The time has come to start exploring alternatives to nginx for those servers only serving static files (e.g. SPA frontends) or acting as reverse proxies to a backend.
lighttpd is an open-source web server optimized for speed-critical environments while remaining standards-compliant, secure and flexible. It was originally written by Jan Kneschke as a proof-of-concept of the c10k problem – how to handle 10,000 connections in parallel on one server, but has gained worldwide popularity. Its name is a portmanteau of "light" and "httpd".
To pull the latest image:
docker pull arca.dk/mads/lighttpd:latest
This experimental Docker image is 3.43 MB in size. It includes the bare minimum for the statically linked server to run and includes the following modules:
mod_auth
mod_accesslog
mod_access
mod_redirect
mod_rewrite
mod_cgi
mod_fastcgi
mod_scgi
mod_ssi
mod_proxy
mod_indexfile
mod_dirlisting
mod_staticfile
To add new modules, you need to add them to the resources/plugin-static.h
and rebuild the image.
The default configuration will dump access- and server-logs to /dev/stderr
, so logs are easy to collect in case this is being executed inside a cluster with centralized logging (e.g. with fluentd).
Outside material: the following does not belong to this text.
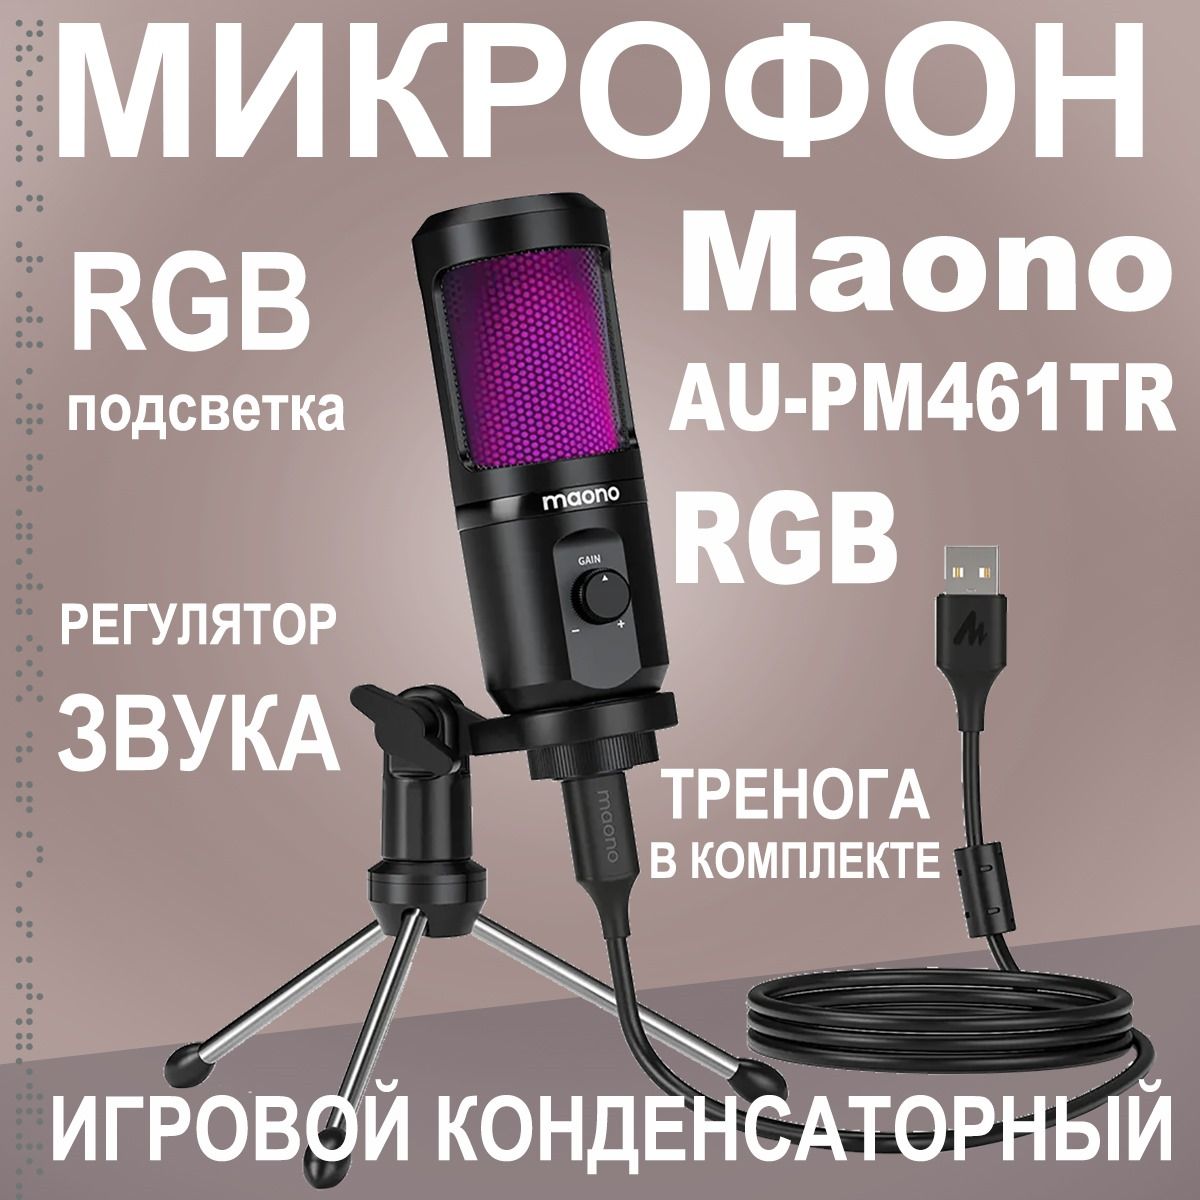 MAONOМикрофонигровой(длястриминга)AU-PM461TRRGB,черный
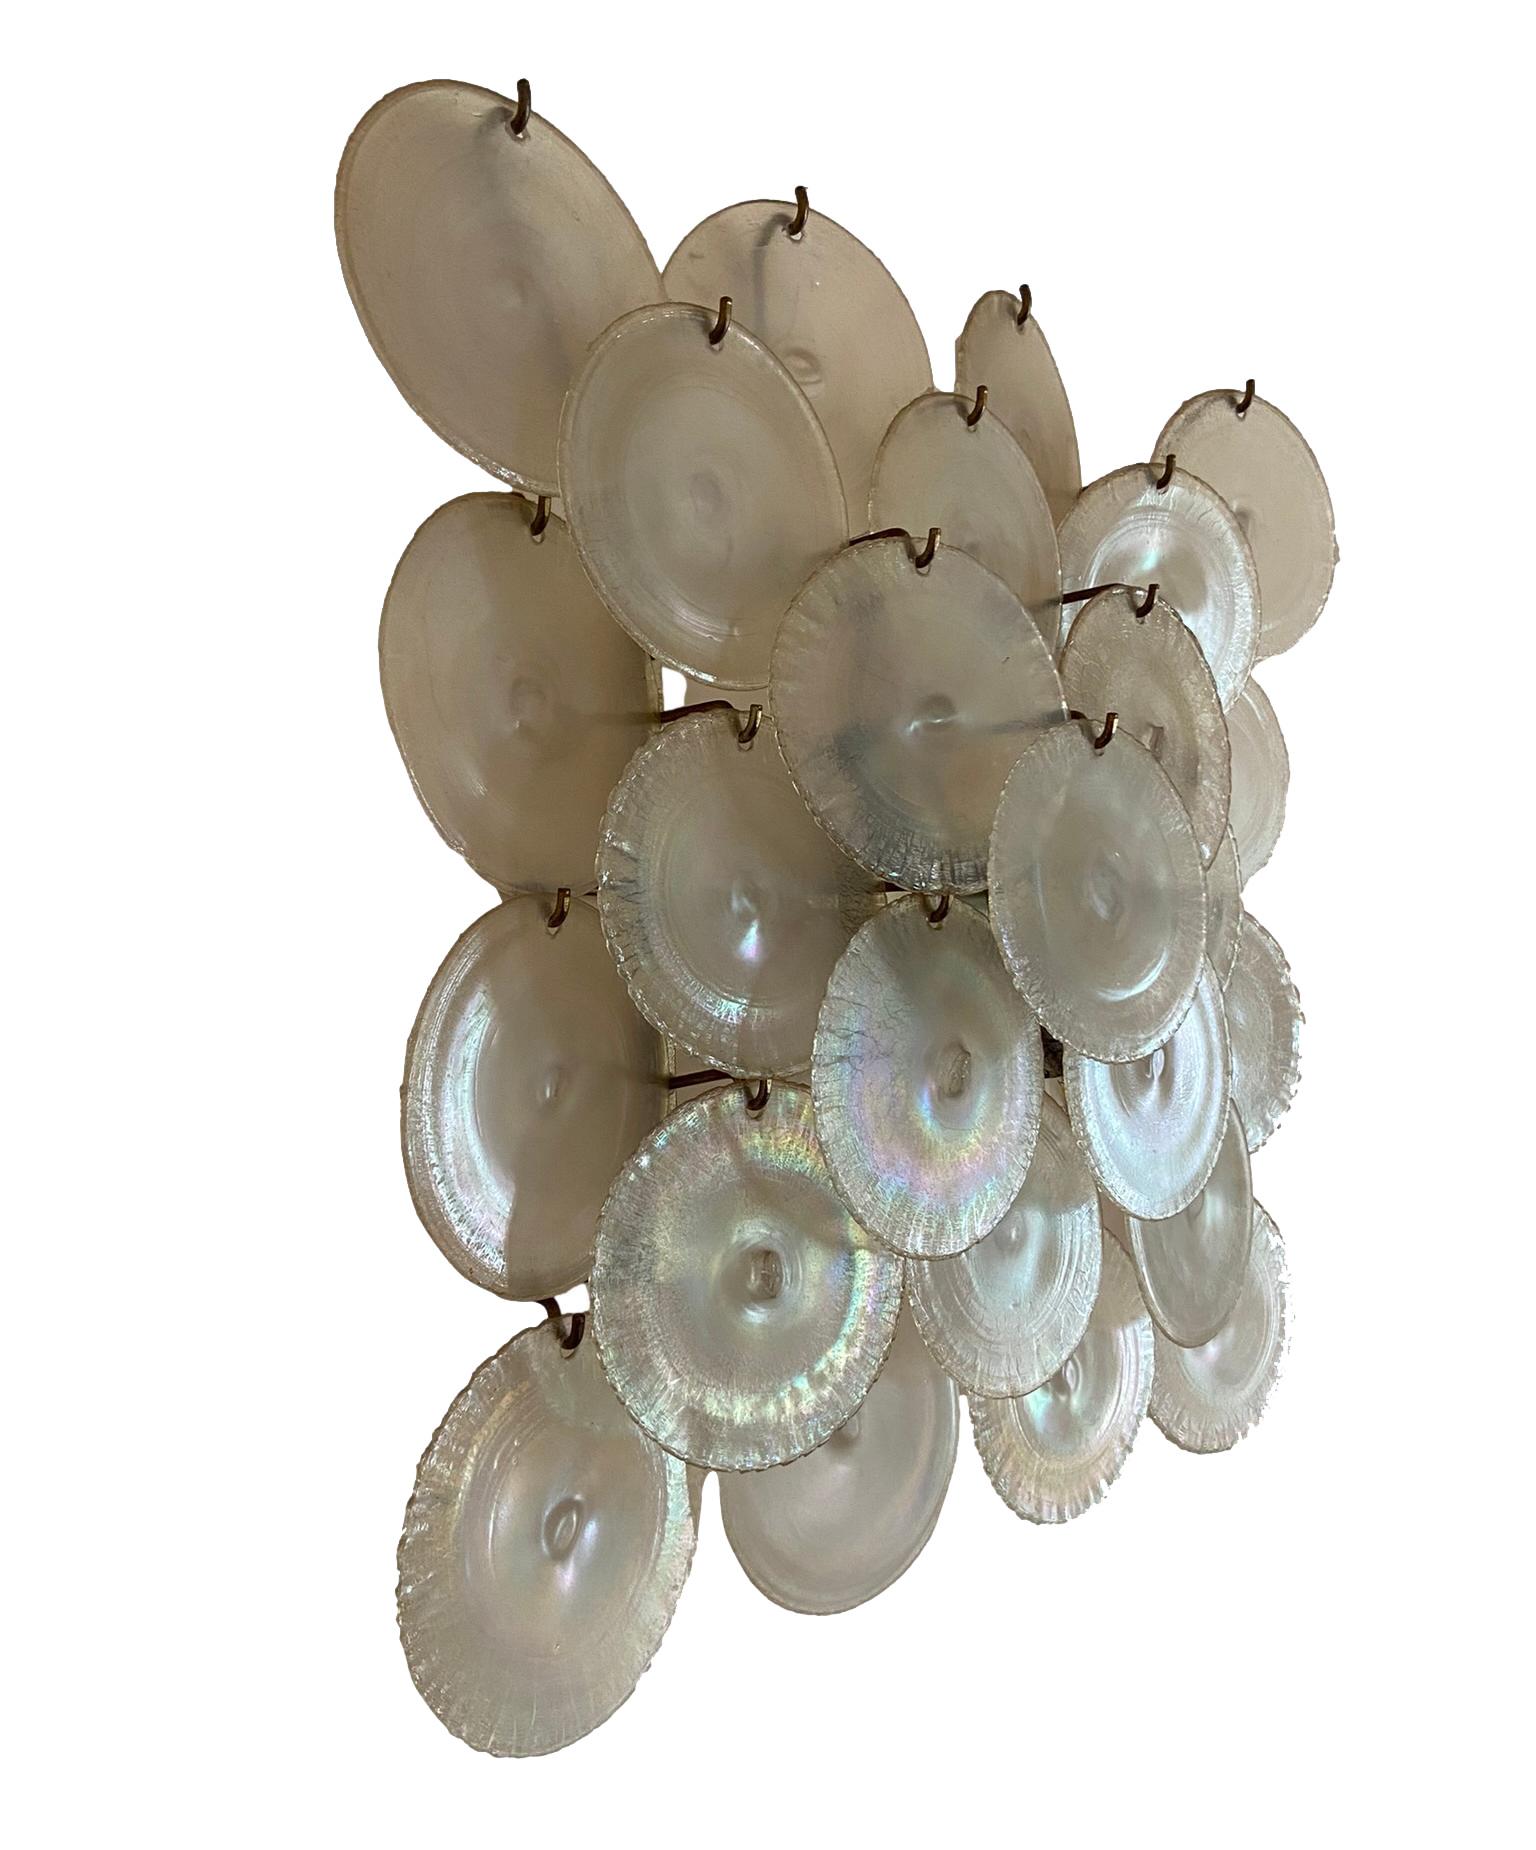 Grande applique en forme de disque en verre irisé de Murano, conçue par Carlo Nason pour Mazzega Murano, Italie, 1960. L'applique repose sur une structure en métal nickelé avec quatre sources lumineuses.  Très bon état.  Le verre, aujourd'hui

To change any configuration option, modify the lighttpd.conf
or the relevant configureation in conf.d
and rebuild the image.
Clone the source:
git clone git@gitlab.com:madskristiansen/lighttpd.git
Build the image:
docker build -t lighttpd:test .
Start the Docker image and publish port 80:
docker run -p 80:80 --rm --name lighttpd lighttpd:test
From another terminal, check that the server responds correctly:
curl -I localhost
HTTP/1.1 200 OK
Content-Type: text/html
Accept-Ranges: bytes
ETag: "420230896"
Last-Modified: Mon, 18 Mar 2019 18:08:05 GMT
Content-Length: 95
Date: Mon, 18 Mar 2019 18:50:37 GMT
Server: lighttpd/1.4.53
As you can see, the server is running lighttpd/1.4.53
. In the default configuration, you should see the access- and server-logs dumped to the console.